** WHAT THE TASK ASKS **
Only one stretch of the material below is wanted: everything from the line containing "RTS no moq BA0202 Duck pink backpack" down to the line containing "Verfassung der Deutschen", both ends included. Repeat it exactly and skip the pictures.

(INPUT FOR THIS TASK)

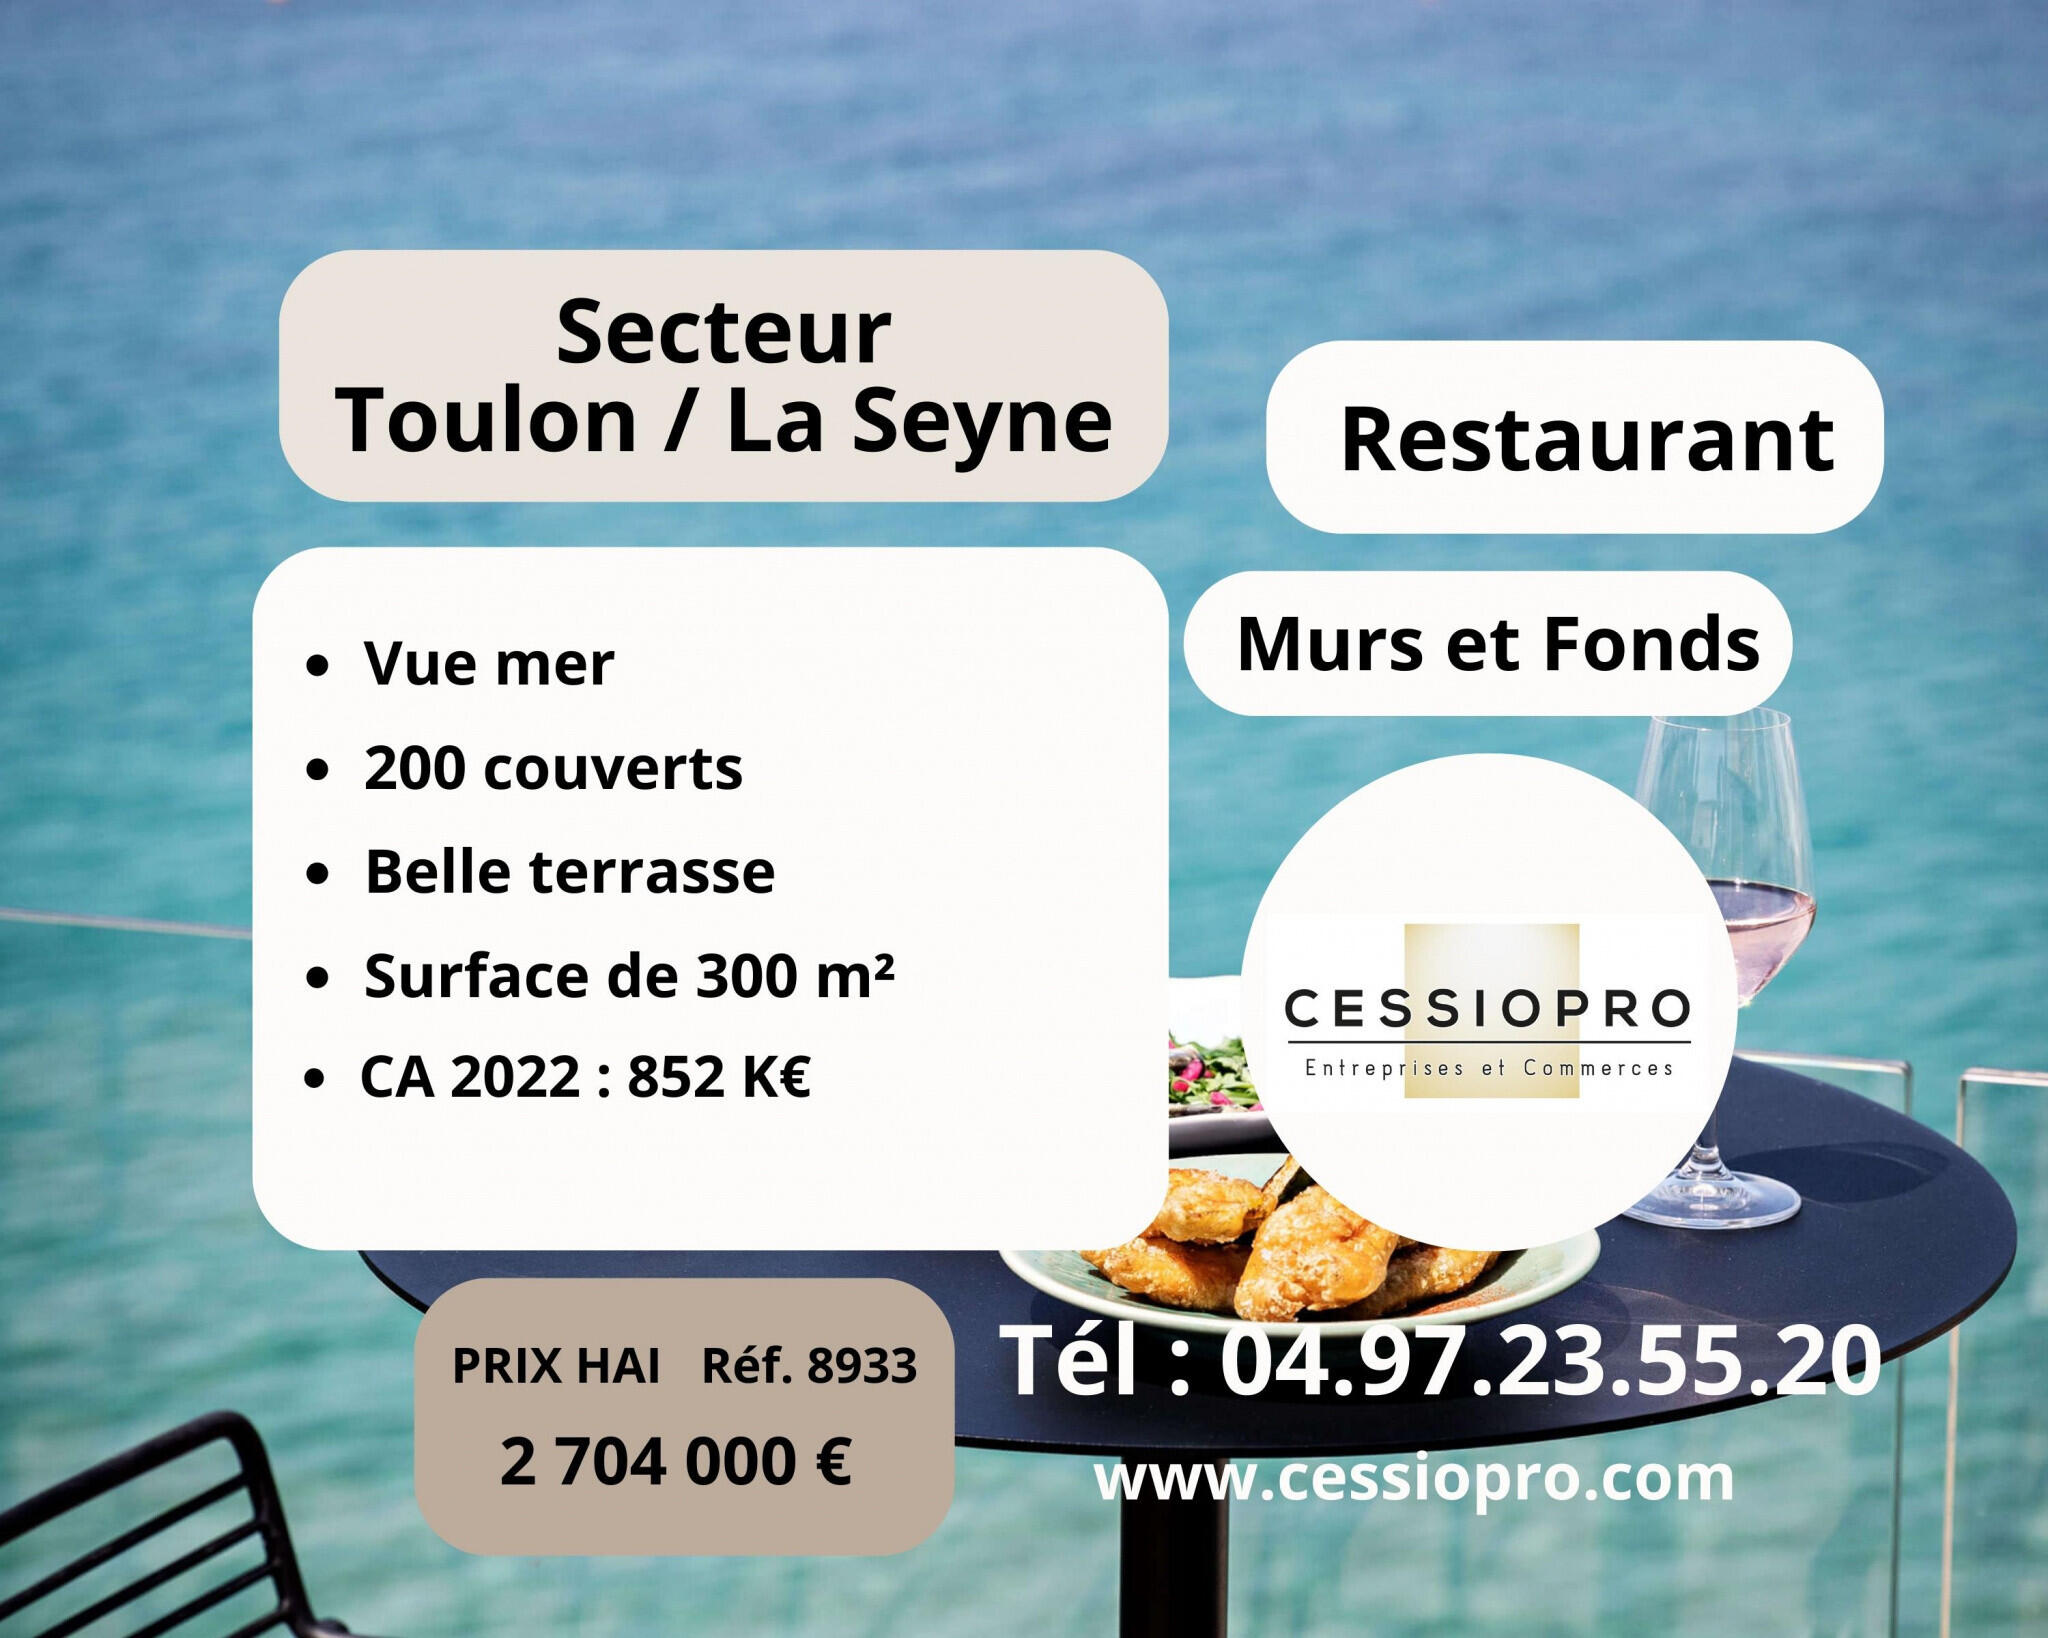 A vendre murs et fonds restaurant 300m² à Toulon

(End INPUT FOR THIS TASK)
(INPUT FOR THIS TASK)

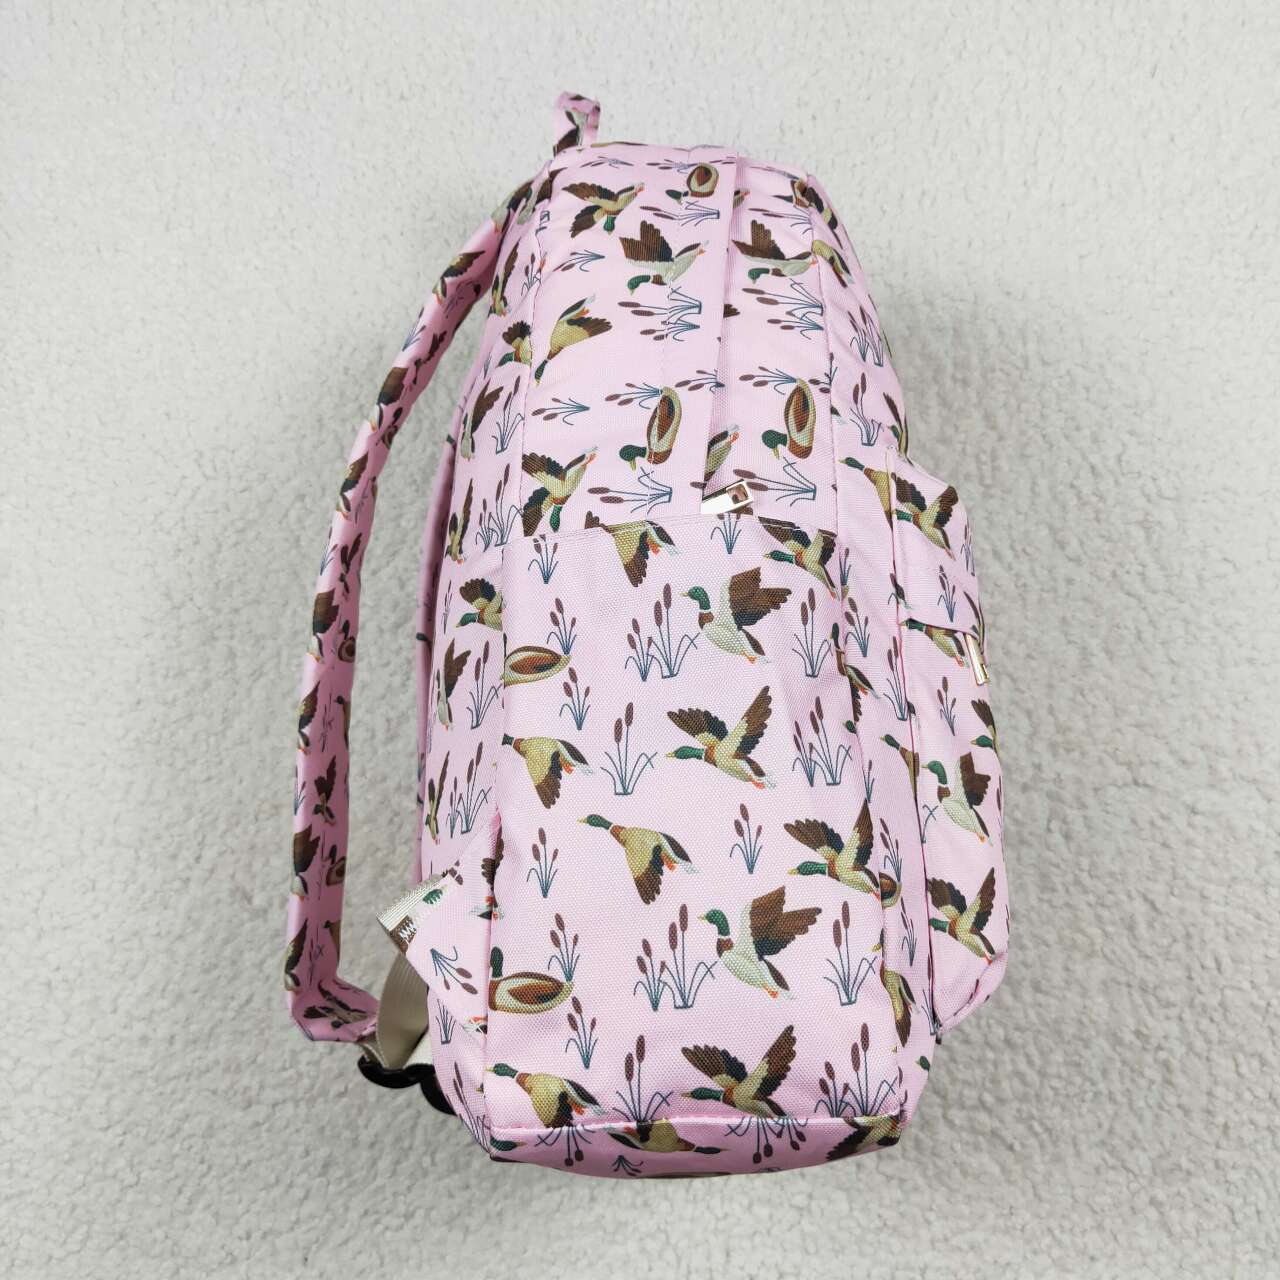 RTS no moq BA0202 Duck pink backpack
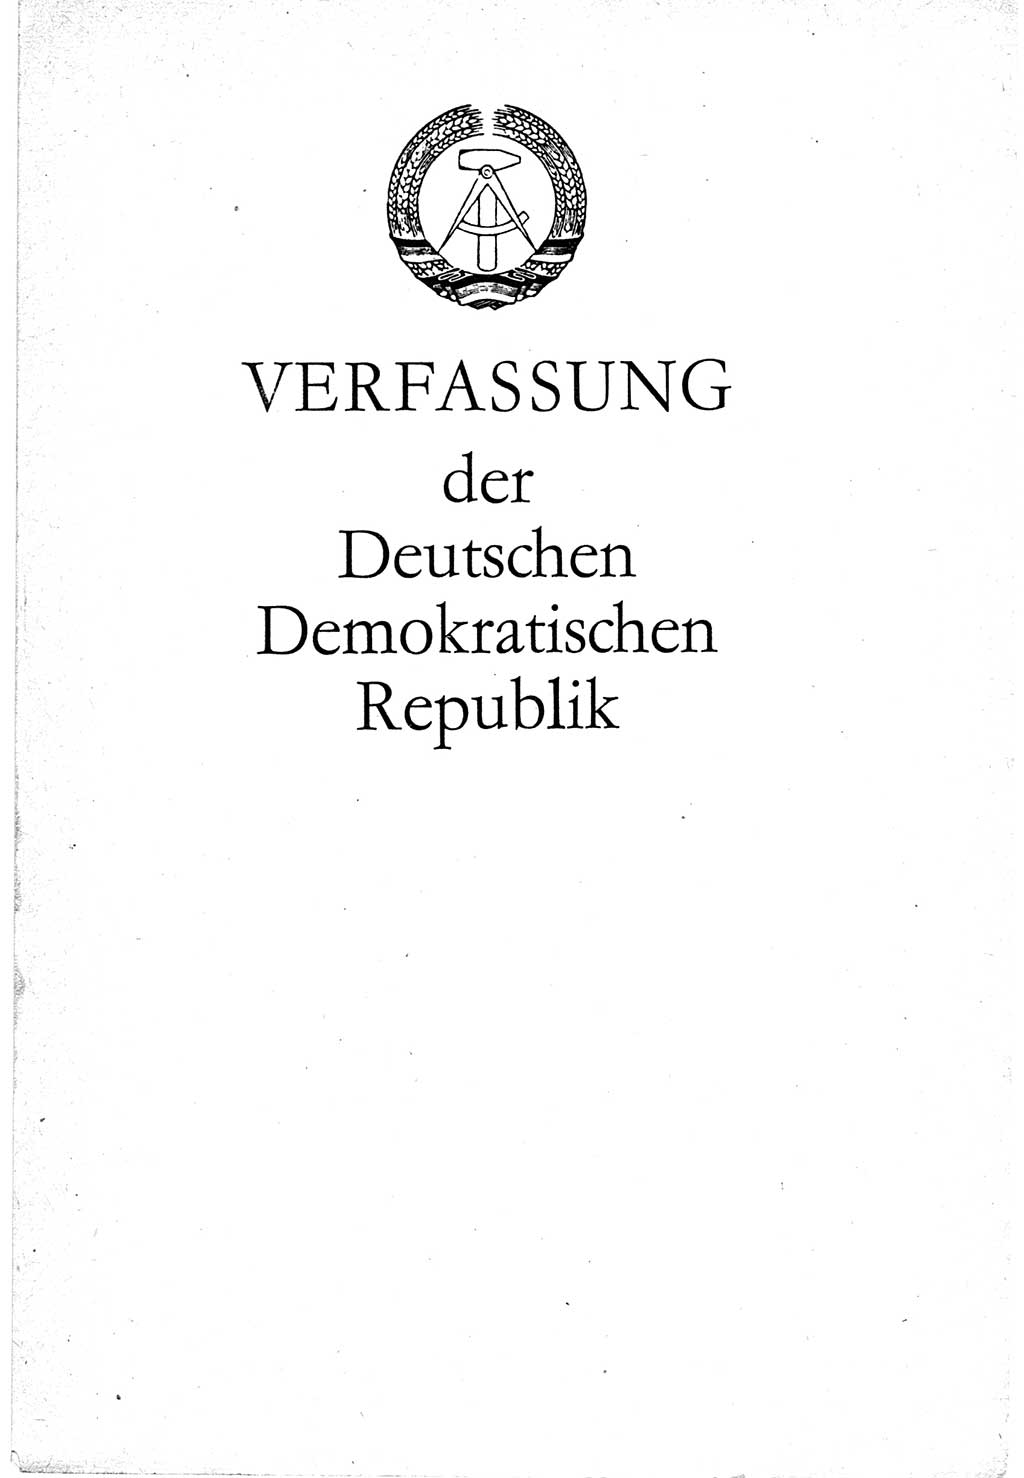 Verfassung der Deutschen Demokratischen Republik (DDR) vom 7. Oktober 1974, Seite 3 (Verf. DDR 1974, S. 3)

(End INPUT FOR THIS TASK)

** RESPONSE BOX **
 RTS no moq BA0202 Duck pink backpack
 Verfassung der Deutschen Demokratischen Republik (DDR) vom 7. Oktober 1974, Seite 3 (Verf. DDR 1974, S. 3)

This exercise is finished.